→ PROBLEM DESCRIPTION: Every line from the one with "En la Copa Mundial" up to and including the one with "30-11.00 XIII SESSIONE" is to be output exactly as it appears below; pictures are not.

→ EXTRACTED DATA:
'''

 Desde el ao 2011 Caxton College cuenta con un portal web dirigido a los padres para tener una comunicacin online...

'''
'''

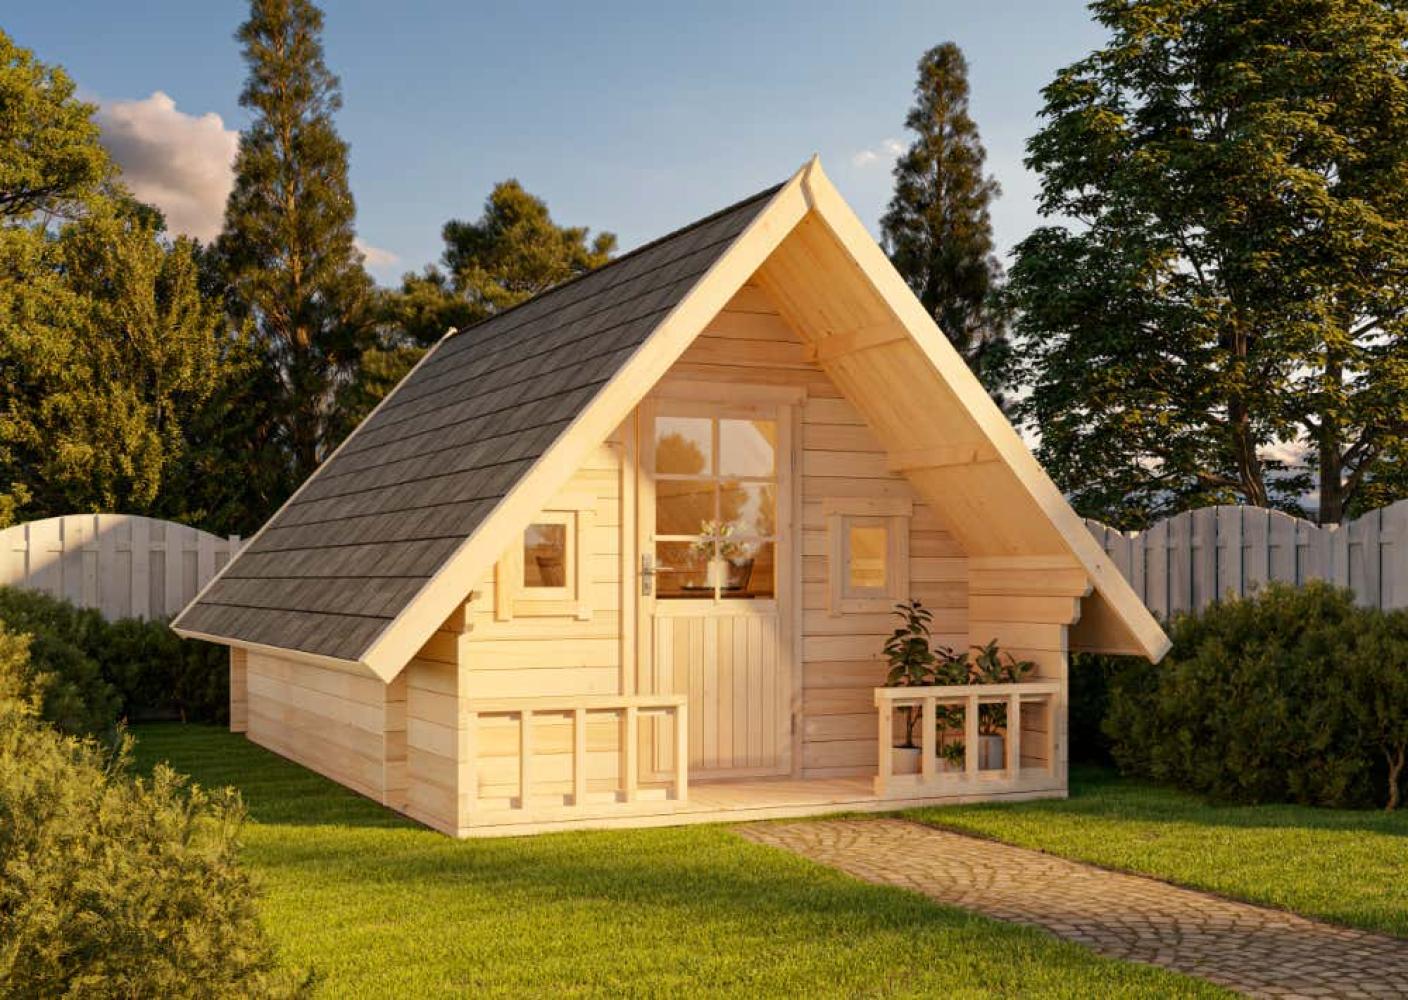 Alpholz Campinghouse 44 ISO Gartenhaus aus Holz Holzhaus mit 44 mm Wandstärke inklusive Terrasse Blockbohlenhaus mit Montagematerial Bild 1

'''
'''

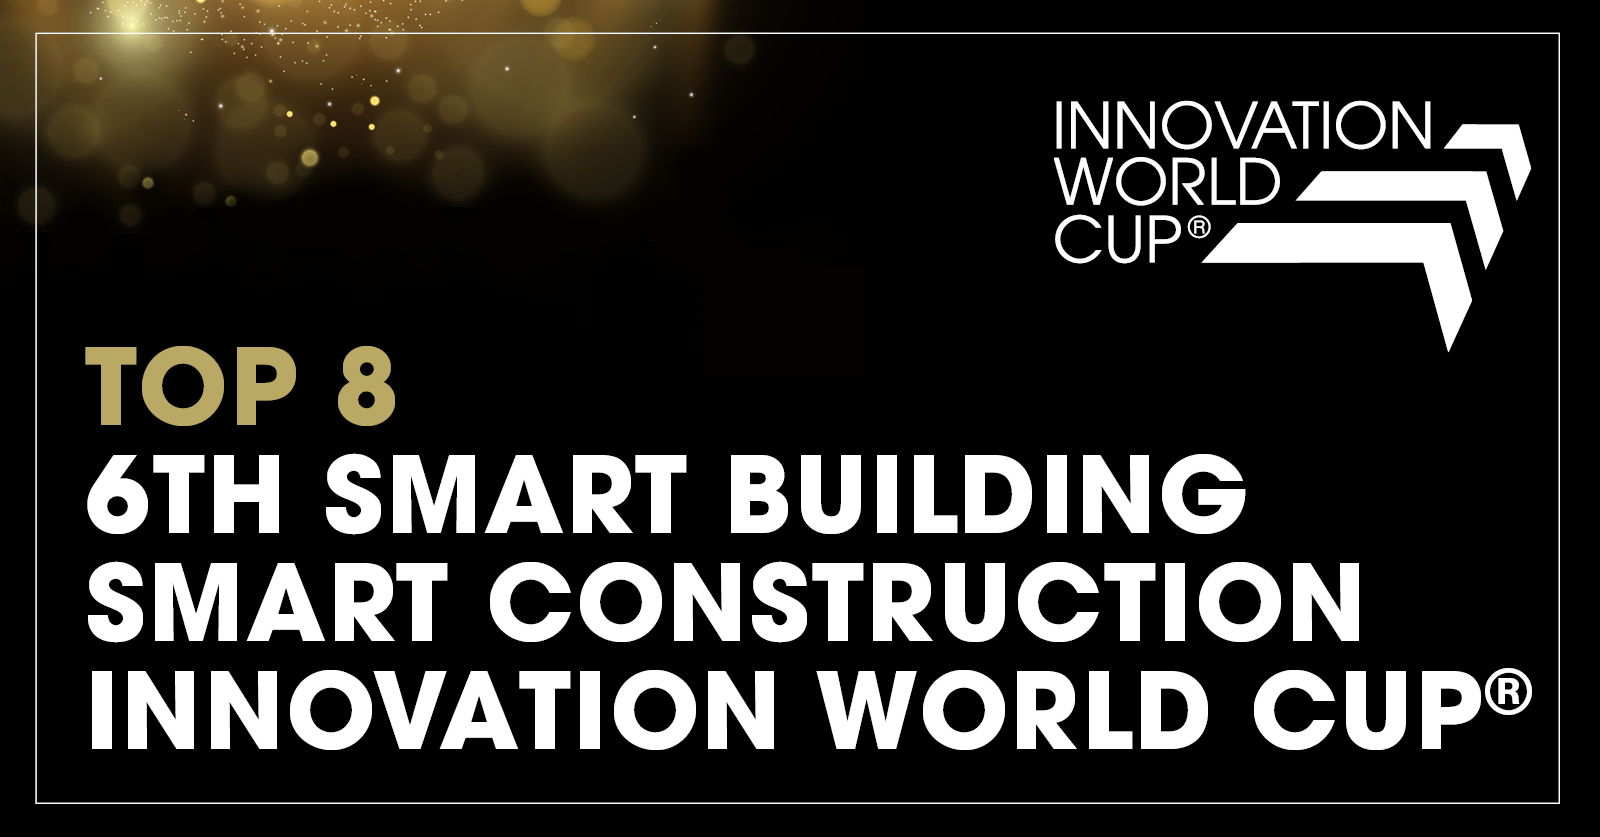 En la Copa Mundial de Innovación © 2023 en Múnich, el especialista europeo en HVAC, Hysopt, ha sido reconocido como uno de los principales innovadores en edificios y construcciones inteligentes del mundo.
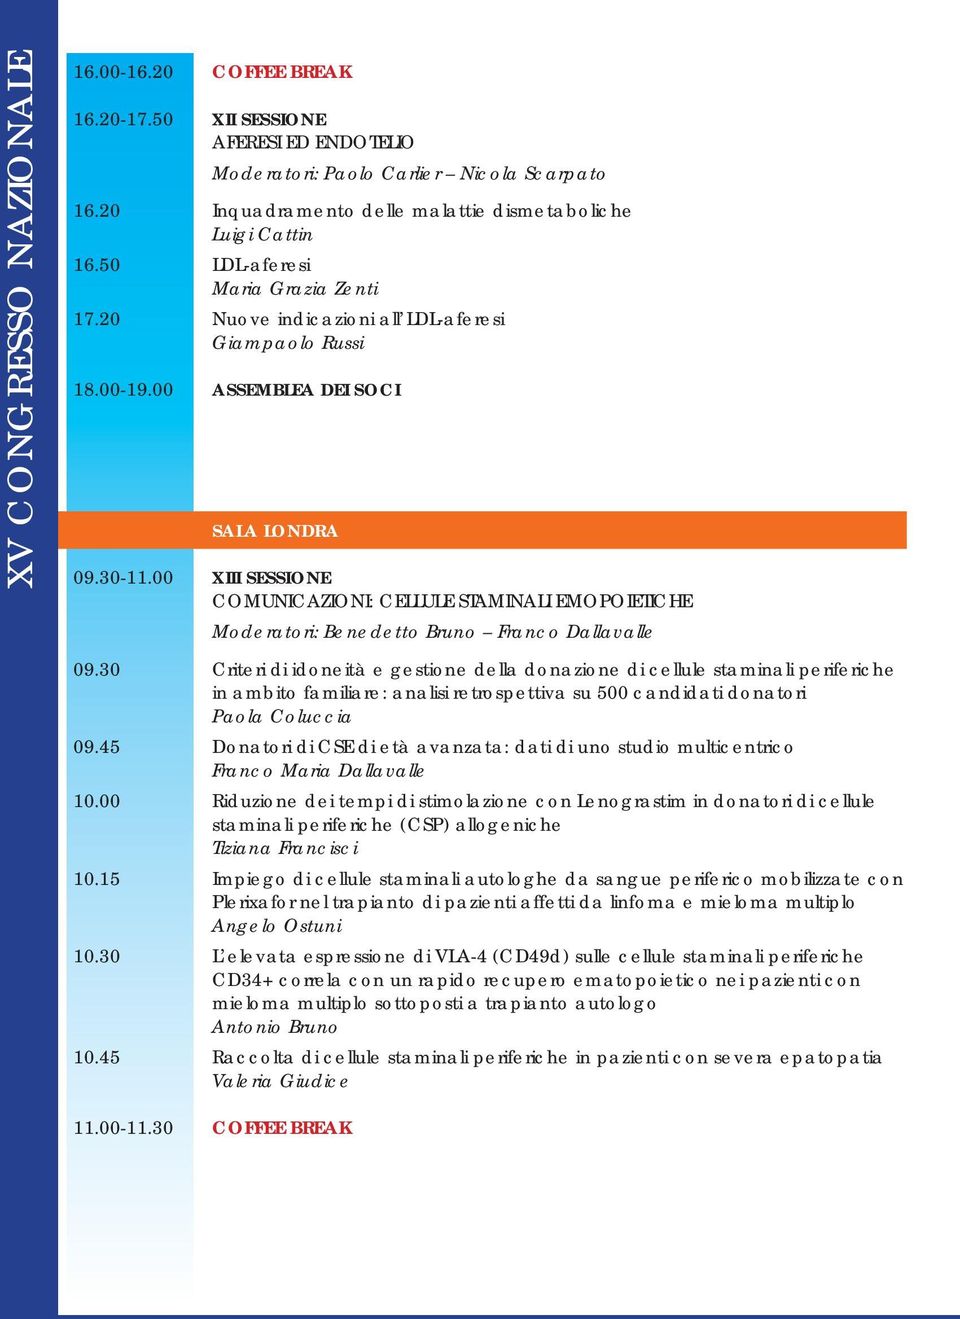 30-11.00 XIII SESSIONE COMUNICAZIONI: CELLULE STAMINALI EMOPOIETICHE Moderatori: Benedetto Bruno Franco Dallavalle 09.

'''

→ RESULT OF THE EXERCISE:
 En la Copa Mundial de Innovación © 2023 en Múnich, el especialista europeo en HVAC, Hysopt, ha sido reconocido como uno de los principales innovadores en edificios y construcciones inteligentes del mundo.
 30-11.00 XIII SESSIONE COMUNICAZIONI: CELLULE STAMINALI EMOPOIETICHE Moderatori: Benedetto Bruno Franco Dallavalle 09.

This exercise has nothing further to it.